Michael Jones was ticketed April 21, 2011 for not wearing his seatbelt while driving a vehicle similar to the one used in the Jonathan Bacon killing, the court heard Monday.

Jones— who is charged with murder and four counts of attempted murder alongside Jason McBride and Jujhar Khun-Khun — was behind the wheel of a green Ford Explorer that was pulled over during a routine traffic stop outside the Vancouver International airport, said RCMP Const. Ryan Lee in court.

“He was pleasant,” said Lee. “Nothing stuck out about him.”

Crown counsel are trying to link Jones to the vehicle regularly making an appearance in witness testimony about the crime.

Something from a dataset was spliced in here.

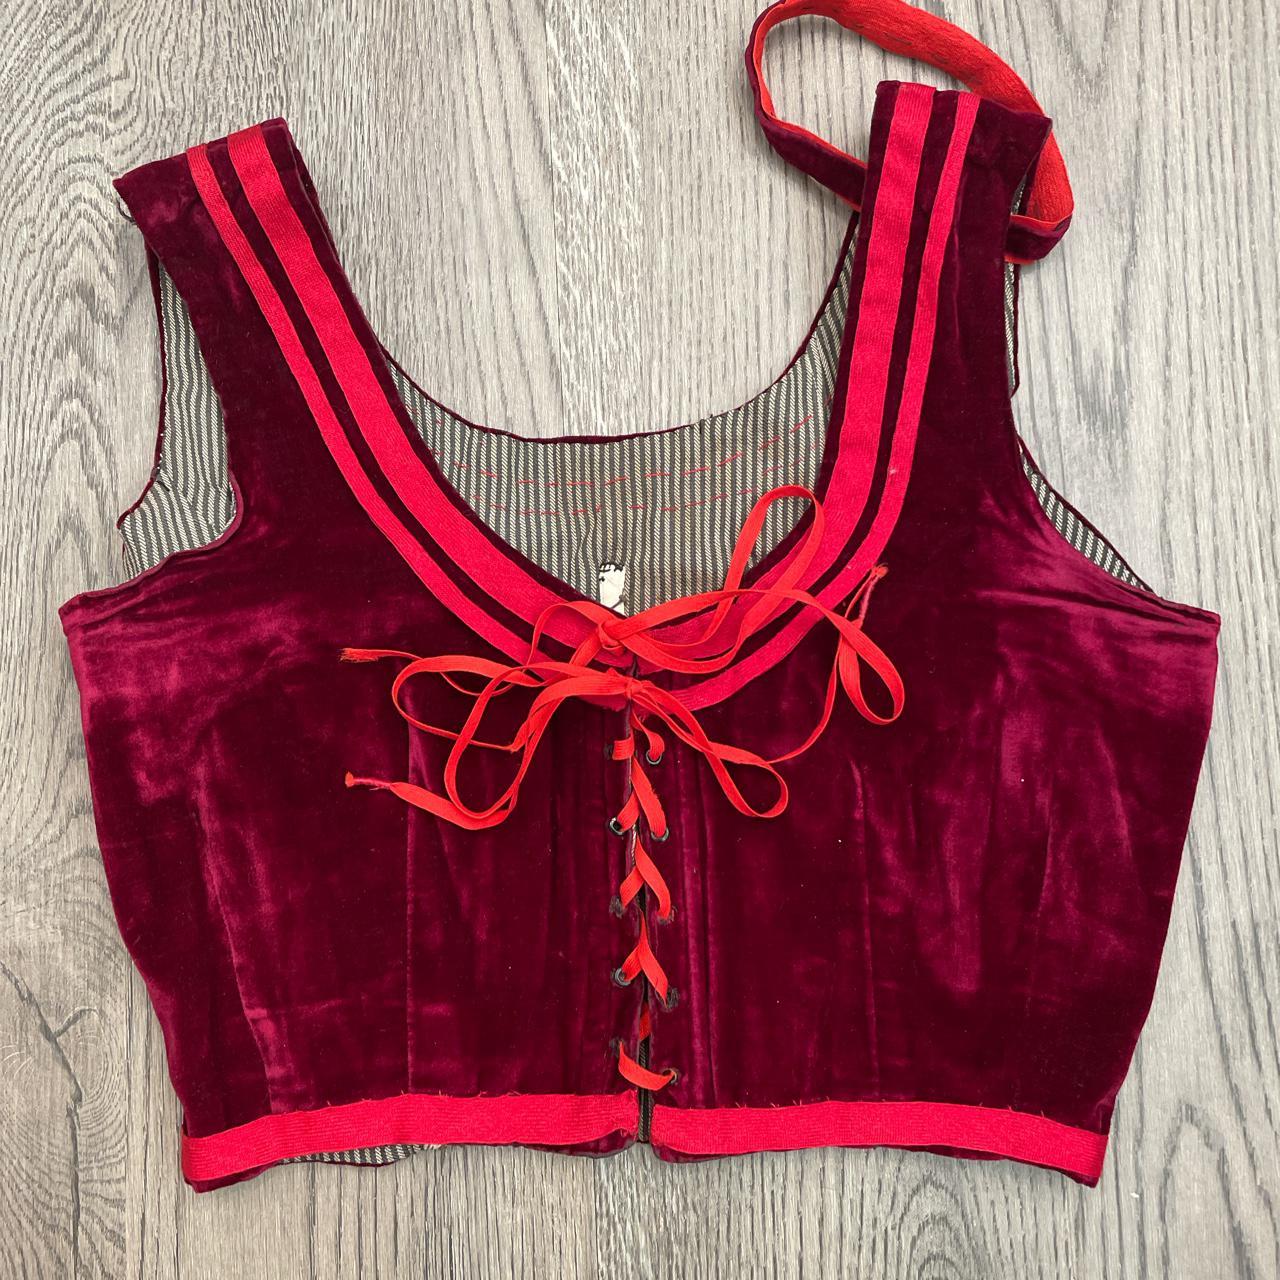 Product Image 2 - Red velvet corset style bralette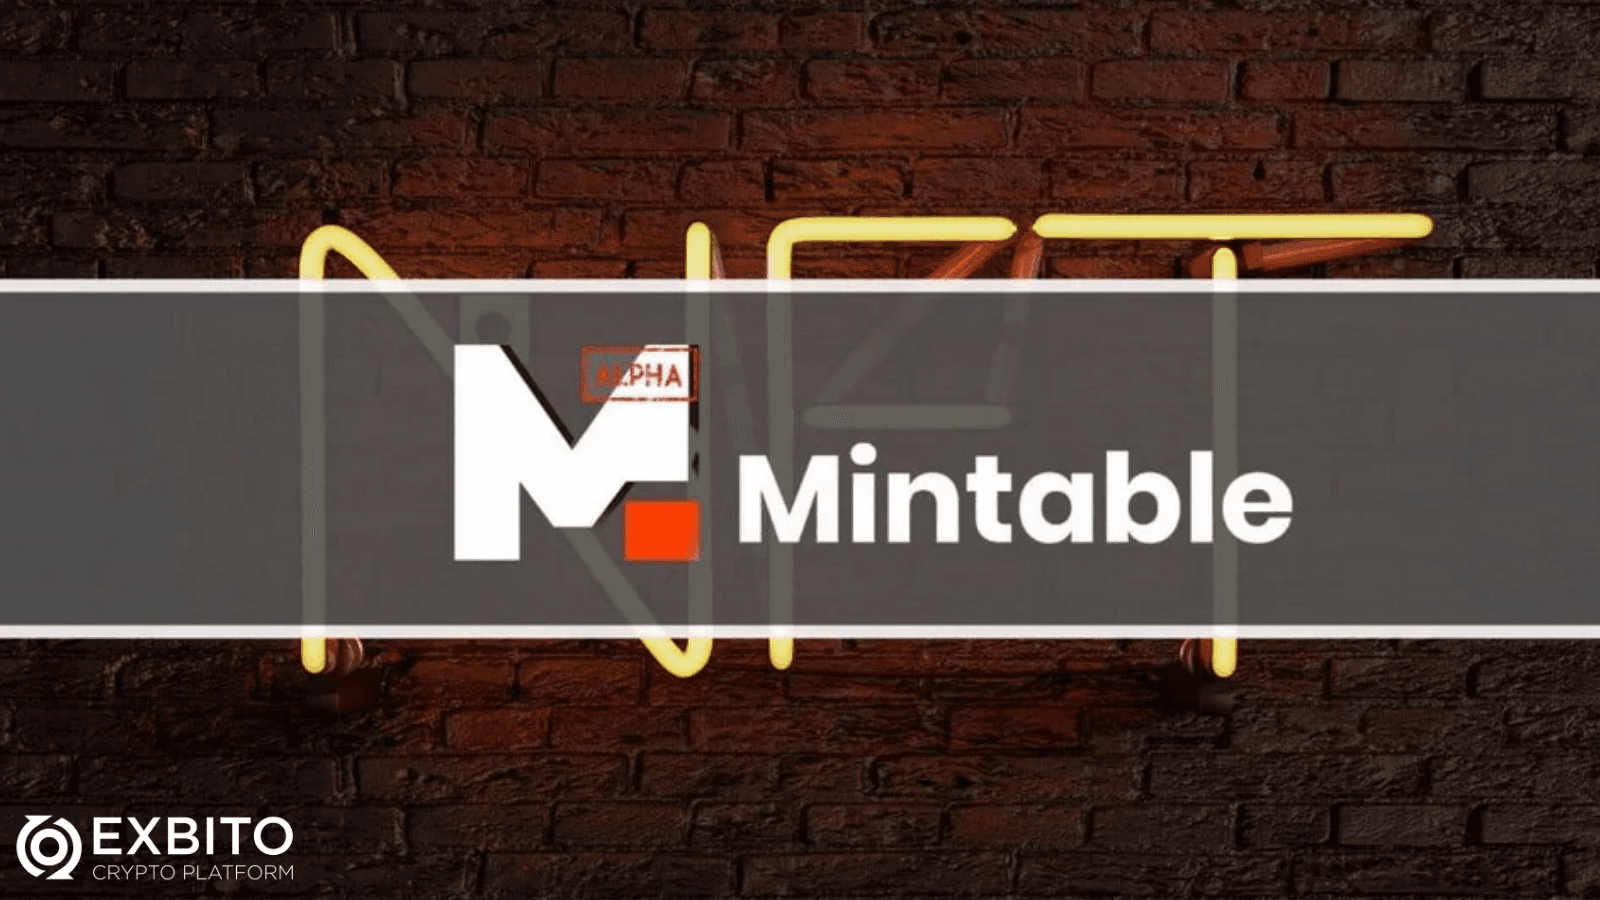 مینتبل (Mintable) چیست؟.png

Lee offered a stronger tie. He pulled over the Explorer, checked the license of its driver, and wrote up the infraction with no issues arising. He said the licence plate was 974TFS.

Earlier trial witnesses recalled the shooters as getting into a green or grey Ford Explorer. A burned-out Explorer with B.C. licence plate 974 TFS was found in a wooded area in Lake Country, hours after the shooting.

Khun Khun, McBride and Jones are each charged with one count of murder, four counts of attempted murder and numerous gun charges.

Bacon, a Red Scorpion gang member, was shot to death outside the Delta Grand Hotel on Aug. 14, 2011. In his vehicle during the attack were Larry Amero, a Hells Angel, James Riach, of the Independent Soldiers, Leah Hadden-Watts, who was paralyzed in the incident, and Lyndsey Black.